Alexander Howlett is an independent researcher with a background in history and war studies, and co-author of an upcoming Canadian Journal of Public Administration article on the causes of the supply failure of the Canadian Surface Combattant.
Last week, the Royal Canadian Navy announced that it was “launching its long-awaited push to replace Canada’s besieged submarine fleet.” This is an interesting development, given that the “work plan” for the replacement of the country’s four Victoria-class submarines – themselves a stopgap that took six to ten years to deliver. after their purchase was first offered in 1994 – would have been asked almost a decade ago.
The political controversy surrounding the purchase of these four Victoria-class submarines led to a lack of movement on the purchase of submarines – made worse by the fact that Canada never had a domestic industry of submarines that would directly benefit from such a program. As a result, and as predicted by the Navy’s own documents, the Victoria-class submarines will still be in service until the mid-2030s – well beyond their expiration date.
But submarines matter, if our own governments are to be believed. And that’s especially true if Canada is to shore up its rhetoric on the increasingly hot topic of Arctic sovereignty, an arena where Russia and China are rapidly expanding their influence.
Canada’s first white paper on defense – published by the government of Lester B. Pearson in 1964 – identified submarines with operations in the Arctic and established that they had to be powered by nuclear energy to be able to operate in these perilous waters. Brian Mulroney’s government has promised to build a fleet of Canada-class nuclear attack submarines specifically for Arctic operations – stating in 1989 that “there is just no other way to Canada to defend its Arctic approaches ”- but, unsurprisingly, abandoned the program when its true political-economic costs became evident.

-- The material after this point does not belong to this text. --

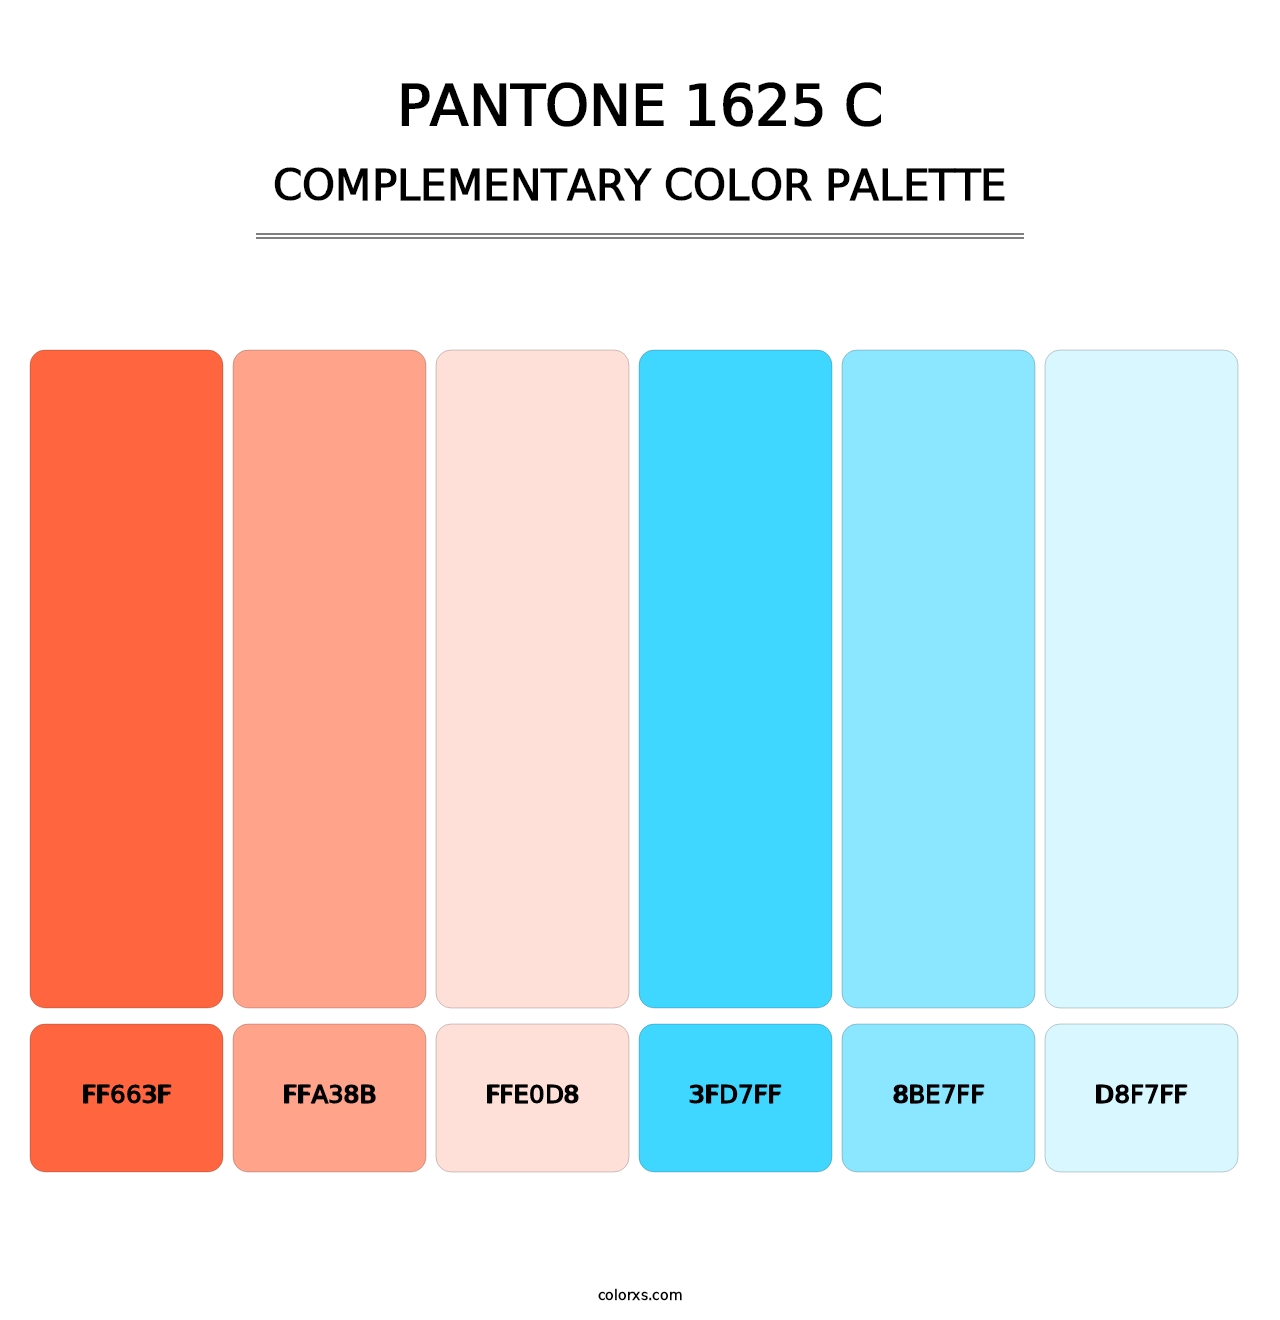 PANTONE 1625 C - Complementary Color Palette
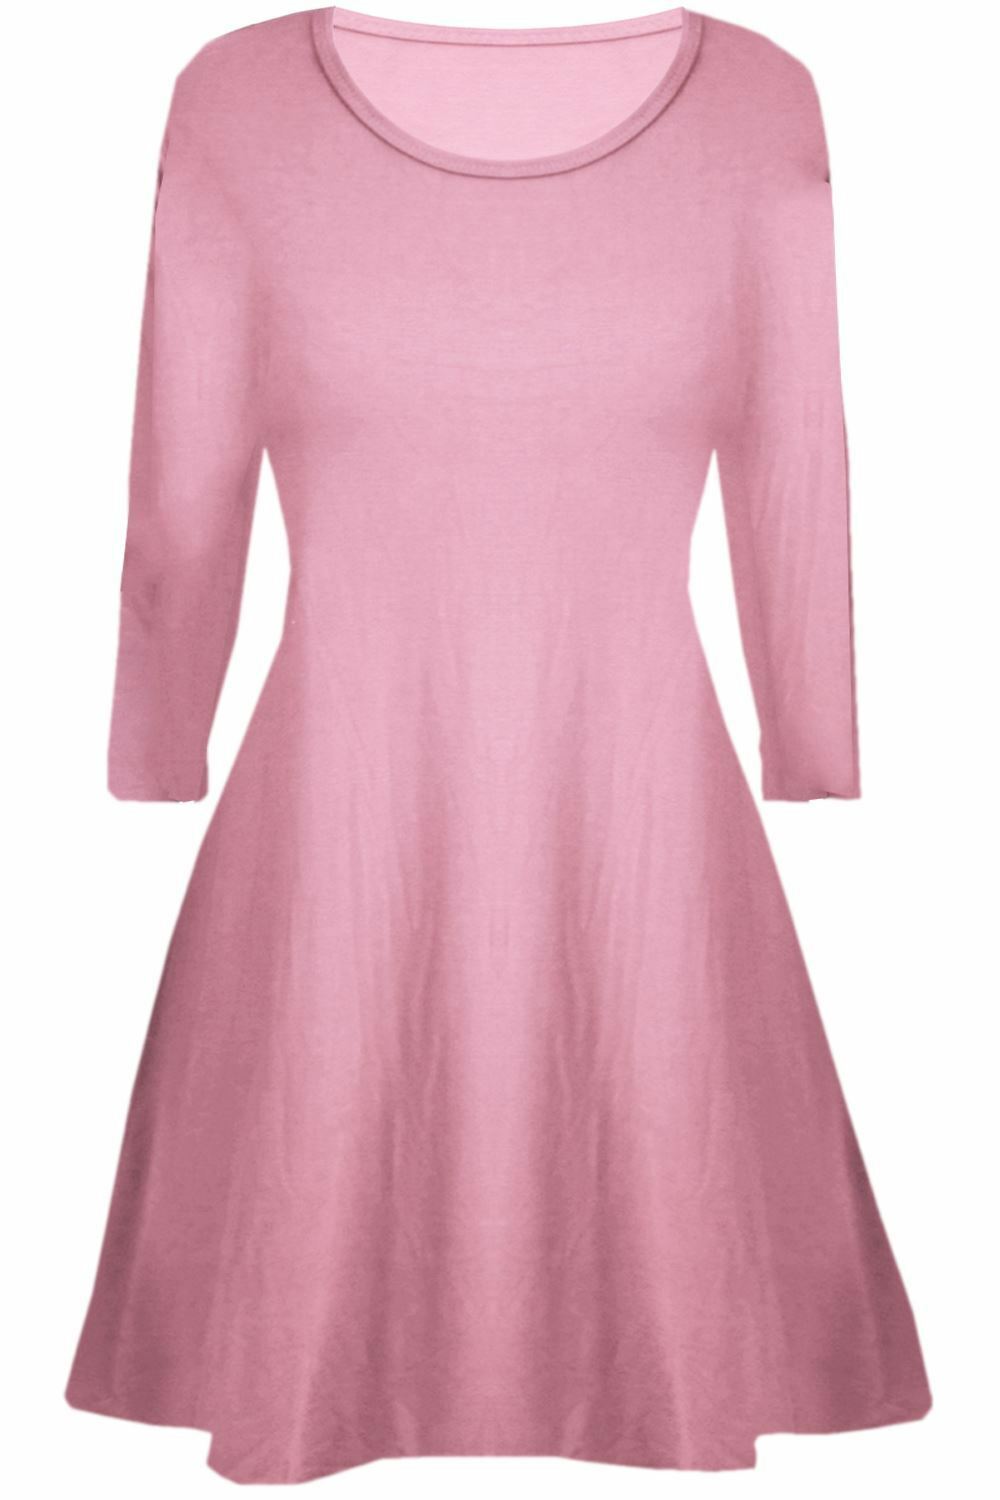 Children's Long Sleeve tea Pink Skater Dress Age 5 To 13, 100% Polyester

The 2017 Defense White Paper issued by the current government further affirmed the importance of submarines as an essential component of a balanced fleet, highlighting their vital contribution to intelligence, surveillance and reconnaissance operations. And yet, no effort was made to deliver the submarine replacements.
Indeed, given that the political temperature can reveal a lot about whether the necessary military infrastructure will actually be approved, it is a grim sign that Ottawa remains mired in the Canadian surface combat program (CSC ). Due to decades of delay and inflation during the Chrétien, Martin, Harper and now Trudeau years, the CSC program is set by the PBO at a cost of $ 82.1 billion to Canadians for 15 multi-purpose vessels to replace the Iroquois and Halifax class destroyers nationwide. class frigates. So far 20 years of effort and billions of sunk costs have produced exactly zero hulls.
The Australian Navy is showing us what happens when the submarine replacement policy drifts in the long term. This country’s $ 47 billion effort to purchase 12 French-made Attack-class submarines has been stymied by cost overruns and controversy, resulting in longer life and modernized submarines. – Current Australian sailors. Avoiding this outcome in Canada will require buy-in from political leaders.
But today’s torpor doesn’t just come from bad management practices, as is often claimed. Rather, it is a sign of the systemic disconnect between how the Navy views its mission (its core doctrine) and what the government is willing to pay, both in terms of economic and political capital.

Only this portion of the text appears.